Research output: Contribution to journalArticle

42 Scopus citations

Abstract

Background Many ICUs have implemented protocols for tight glucose control, but there are few data on hypoglycemia and neurologic outcomes in patients with subarachnoid hemorrhage (SAH). Methods We prospectively ascertained 172 patients with SAH, who were treated according to a standard protocol for target glucose 80-110 mg/dl. Outcomes were assessed with the modified Rankin scale (mRS) at 14 days, 28 days, and 3 months. Results Worse neurologic injury at admission (P < 0.001) and a history of diabetes (P = 0.002) were associated with increased glucose variance. There was lower nadir glucose in patients with radiographic cerebral infarction (81 ± 15 vs. 87 ± 16 mg/dl, P = 0.02), symptomatic vasospasm (78 ± 12 vs. 84 ± 16 mg/dl, P = 0.04) and angiographic vasospasm (79 ± 14 vs. 86 ± 16 mg/dl, P = 0.01), but maximum and mean glucose values were not different. Glucose < 80 mg/dl was earlier and more frequent in patients with worse functional outcome at 3 months (P < 0.001).
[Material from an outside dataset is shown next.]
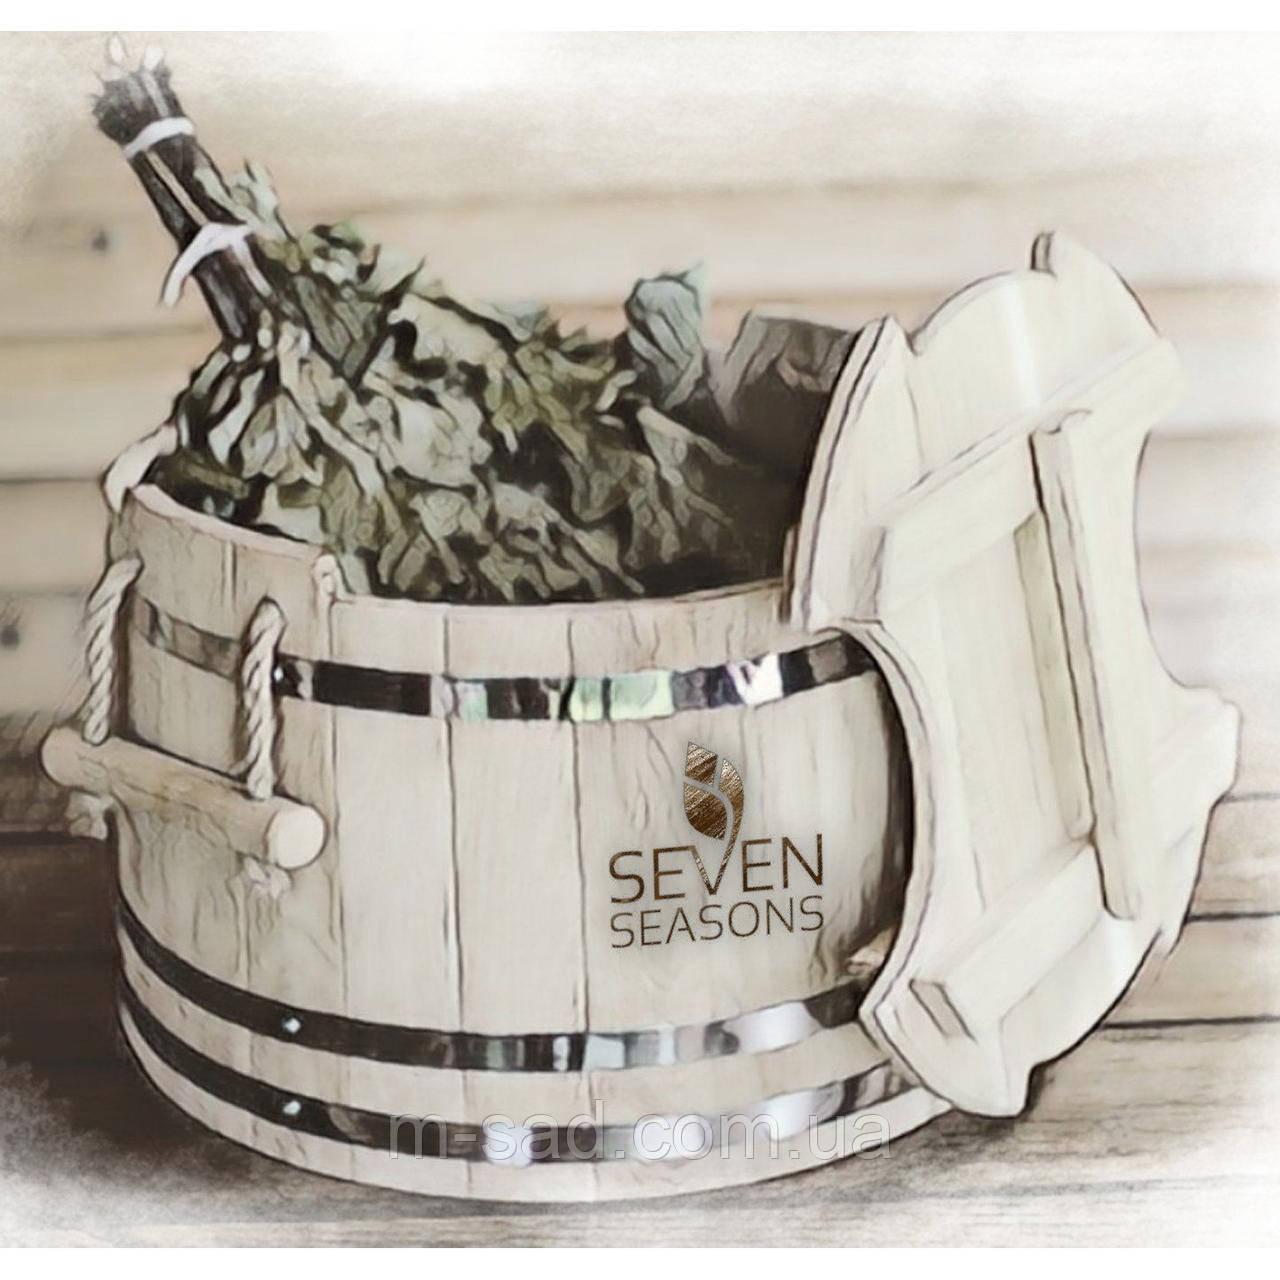 Запарник для веников Seven Seasons™ Expert, 30 литров

Progressive reductions in nadir glucose were associated with increasing functional disability at 3 months (P = 0.001) after accounting for neurologic grade and mean glucose. Severe hypoglycemia (< 40 mg/dl) occurred in one patient. Conclusions In patients with SAH, nadir glucose < 80 mg/dl is associated with cerebral infarction, vaso- spasm, and worse functional outcomes in multivariate models. Protocols for target glucose 80-110 mg/dl effectively control hyperglycemia, but may place patients with SAH at risk for vasospasm, cerebral infarction, and poor outcome even when severe hypoglycemia does not occur.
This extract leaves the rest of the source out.